The whole thing, I hope. No, seriously, even though drugs such as opium, cocaine, and marijuana don’t show up that much in the book, anyone who is interested in the nineteenth or early-twentieth century drug market will benefit from reading it. I write a lot about the efforts of therapeutic reformers to improve the drug market through legal means, and I have a bunch of material on state pharmacy laws during the 1870s and 1880s. Even though I don’t talk about criminalization explicitly, the connections are not really that difficult to make and I think that people who are interested in the history of the “war on drugs” will find that and other material in the book interesting. More generally, I think the book provides a good overview of the nineteenth-century drug market, so even if readers aren’t specifically interested in intellectual property law it should be valuable. There really aren’t many books that cover the same type of ground – Jan McTavish’s book Pain and Profits comes to mind, but it is significantly narrower in scope. So I think it should be of interest to at least some of the folks who read this blog.

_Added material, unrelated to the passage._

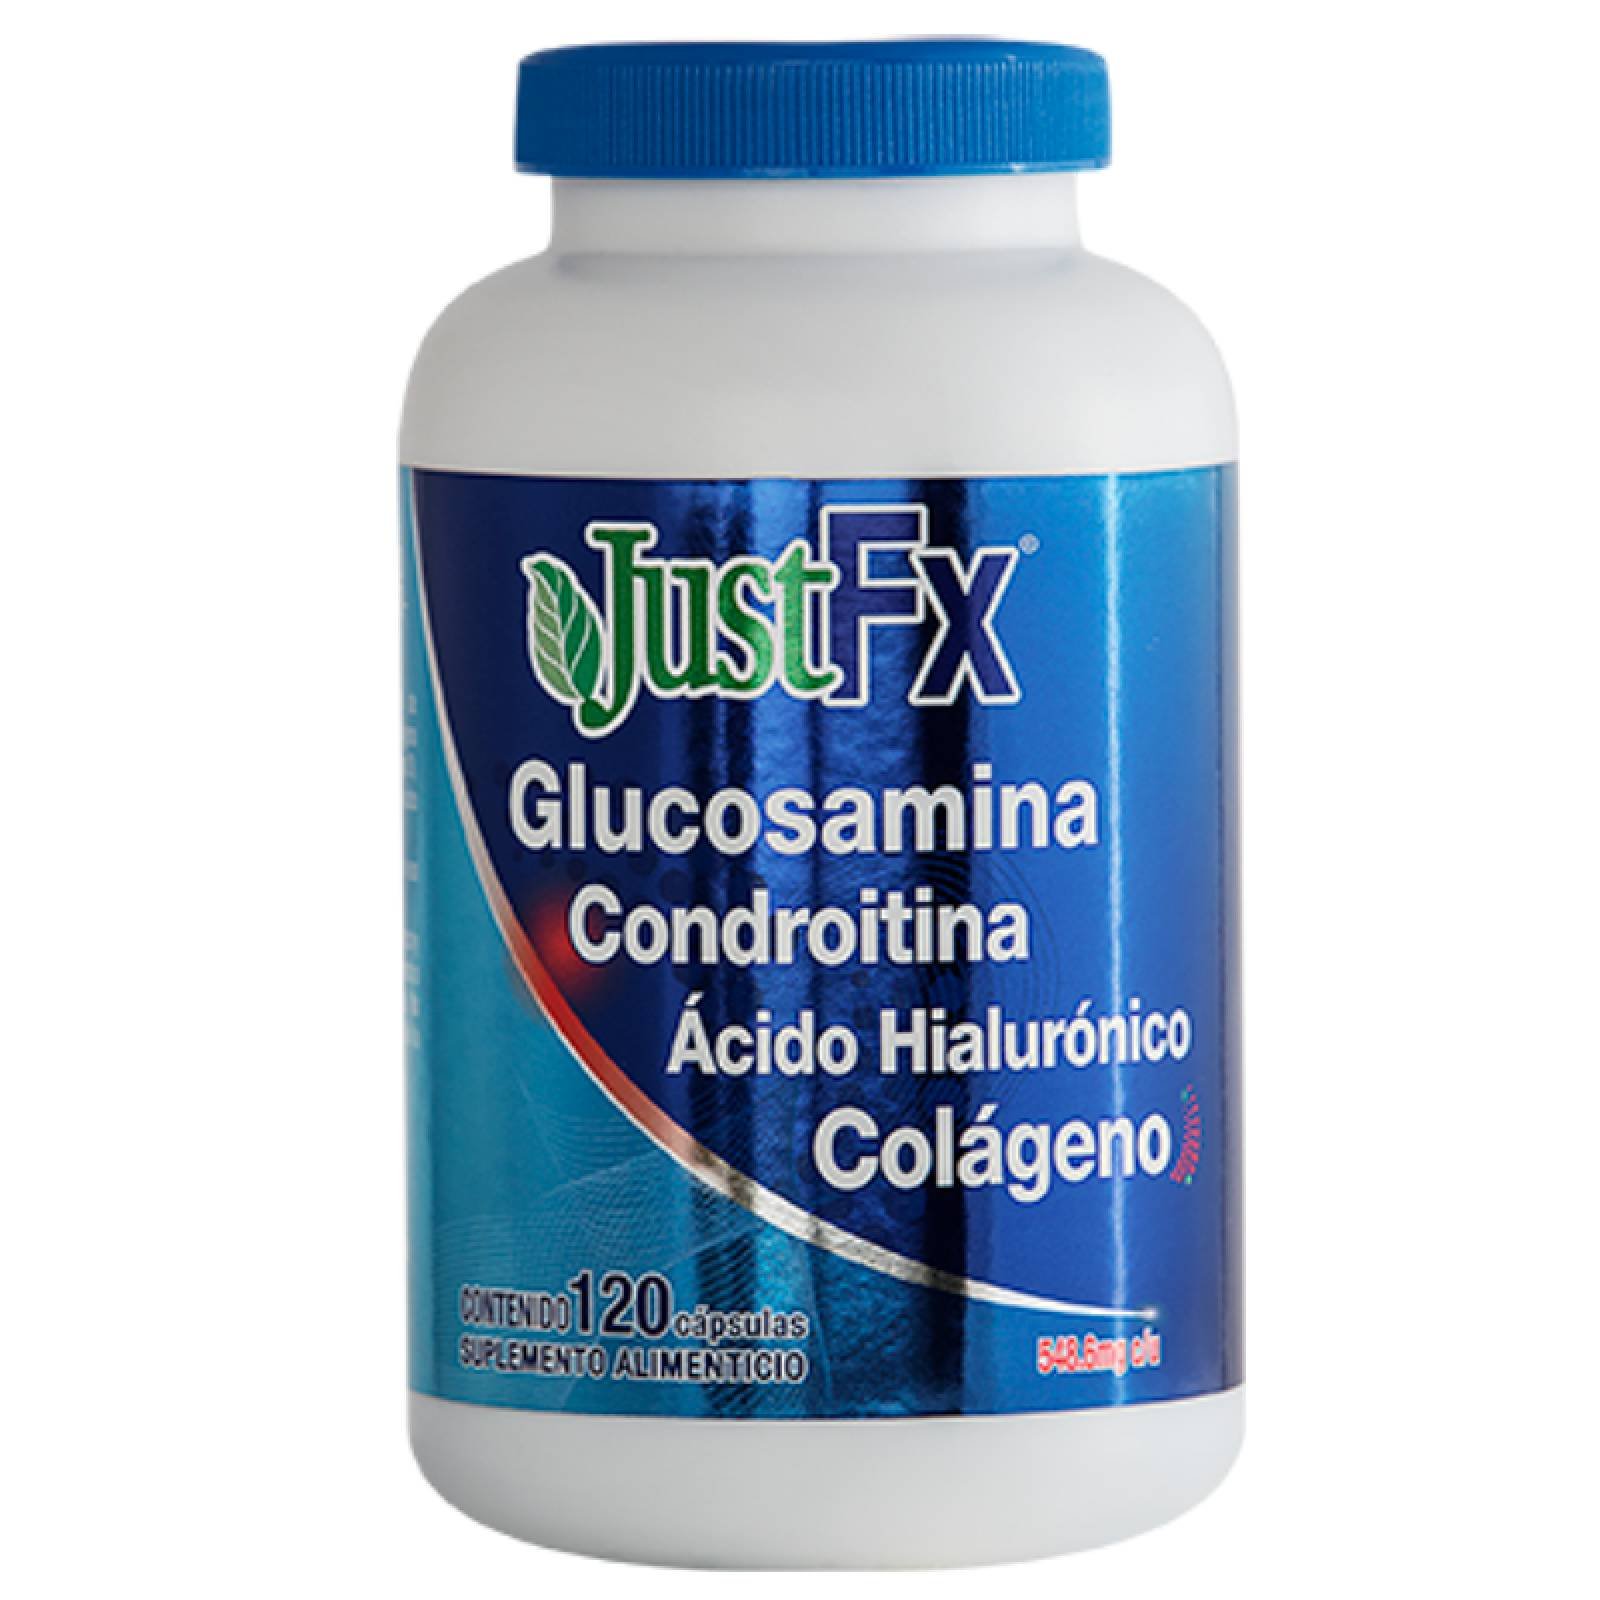 JustFX Glucosamina Condroitina Ácido Hialurónico Colágeno Olnatura Con 120 Cápsulas

Now that the hard part is over, what is the thing YOU find most interesting about your book?
The fact that it is finished.
Every research project leaves some stones unturned. What stone are you most curious to see turned over soon?
Toward the end of writing the book I got really intrigued about the connection between intellectual property rights and the formation of black and gray markets. I spend some time in the book discussing the black market that developed in phenacetin and aspirin after they were introduced by Bayer (in 1887 and 1900). Basically, what happened is that the patents on the two drugs allowed Bayer to charge a higher price in the United States for them than in other countries, where patents were not allowed. Smuggling operations quickly sprang up as a result, and Bayer then launched a massive campaign to suppress the use of smuggled forms of these products. It’s a really interesting story, and I’d like to see how IP rights played out in terms of other substances that were bought and sold on the black market. I think there is an important story to be told about the relationship between IP law, price, and the smuggling of otherwise legal substances.
BONUS QUESTION: In an audio version of this book, who should provide the narration?
I would. I don’t have a great voice, but I like to hear myself talk.